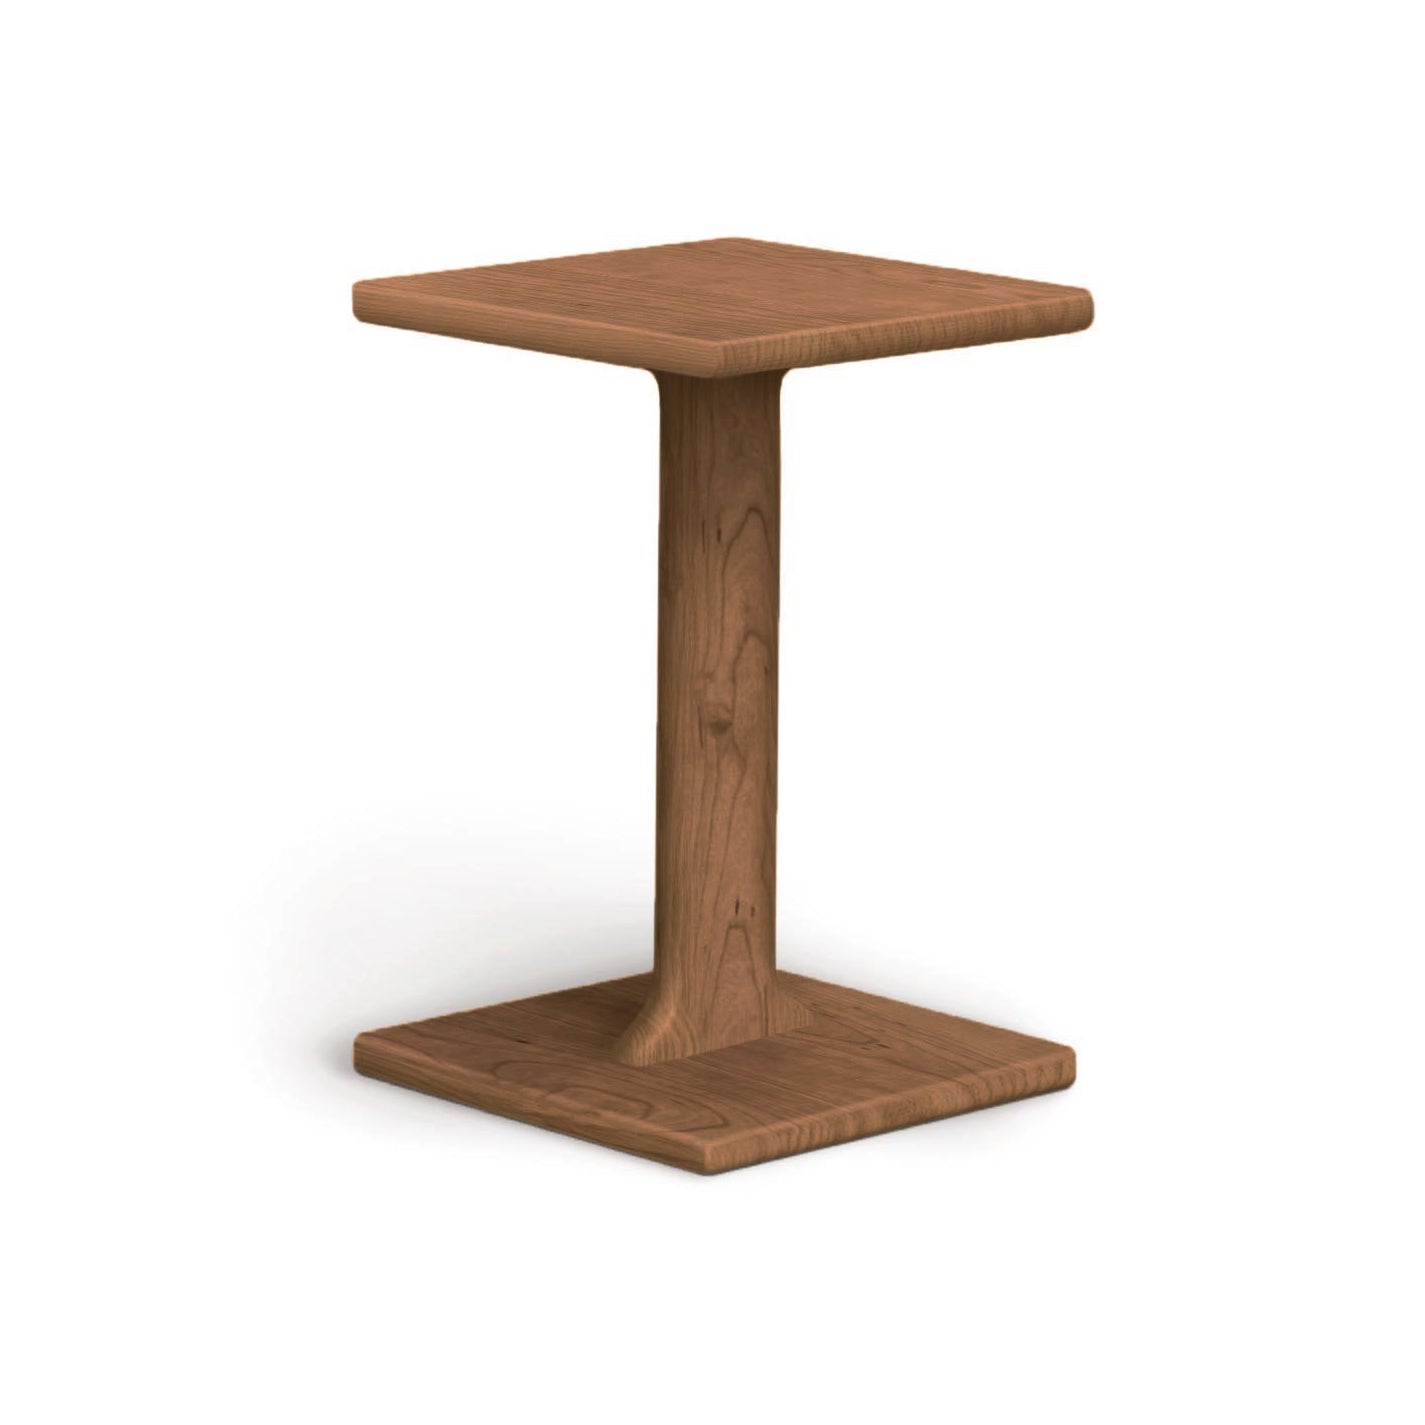 A simple Sierra Chair Table crafted from solid North American hardwood by Copeland Furniture with a square top and base on a white background.
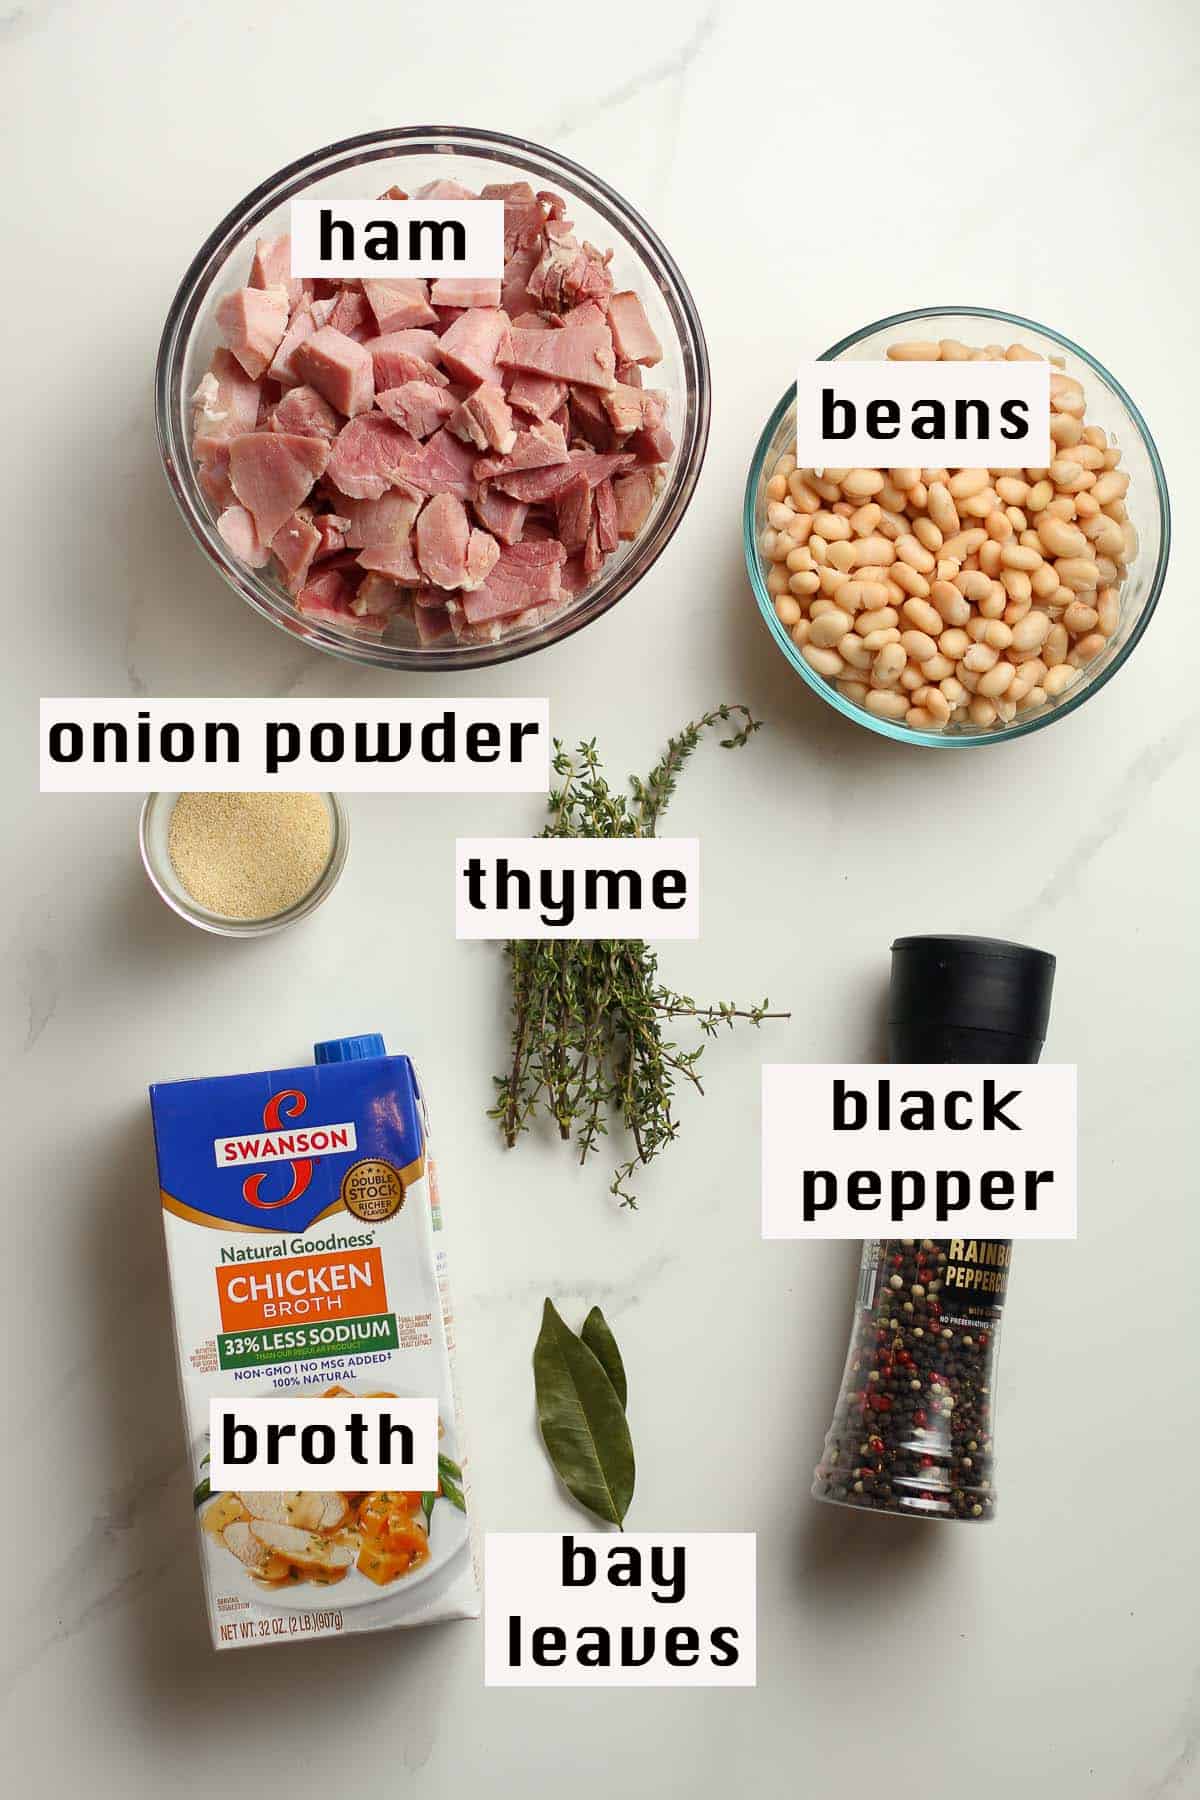 The soup ingredients.
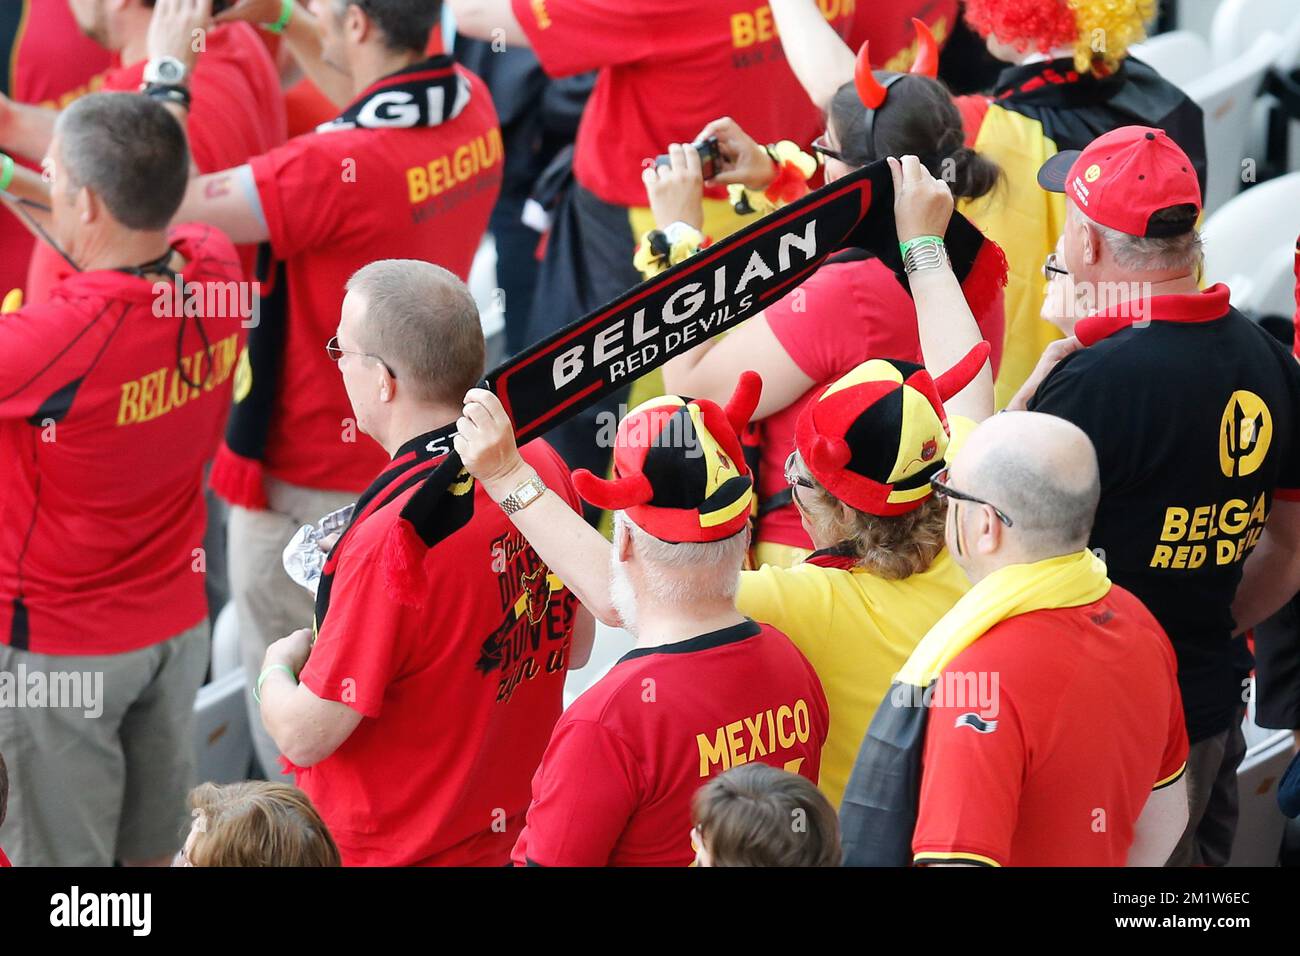 20140626 - SAO PAULO, BRAZIL: Red Devils' supporters pictured before the match between Belgian national soccer team Red Devils and South-Korea, third match in group H, in the stadium 'Arena de Sao Paulo', in Itaquera, Sao Paulo, Brazil, during the 2014 FIFA World Cup, Thursday 26 June 2014. The Red Devils lead their group H with two victories. BELGA PHOTO BRUNO FAHY Stock Photo

----------------

Skip the pictures and restate exactly the lines from the beginning of the listing to the line with "The soup ingredients.", that line included.

▶ **Solved problem**
 A simple Sierra Chair Table crafted from solid North American hardwood by Copeland Furniture with a square top and base on a white background.
 The soup ingredients.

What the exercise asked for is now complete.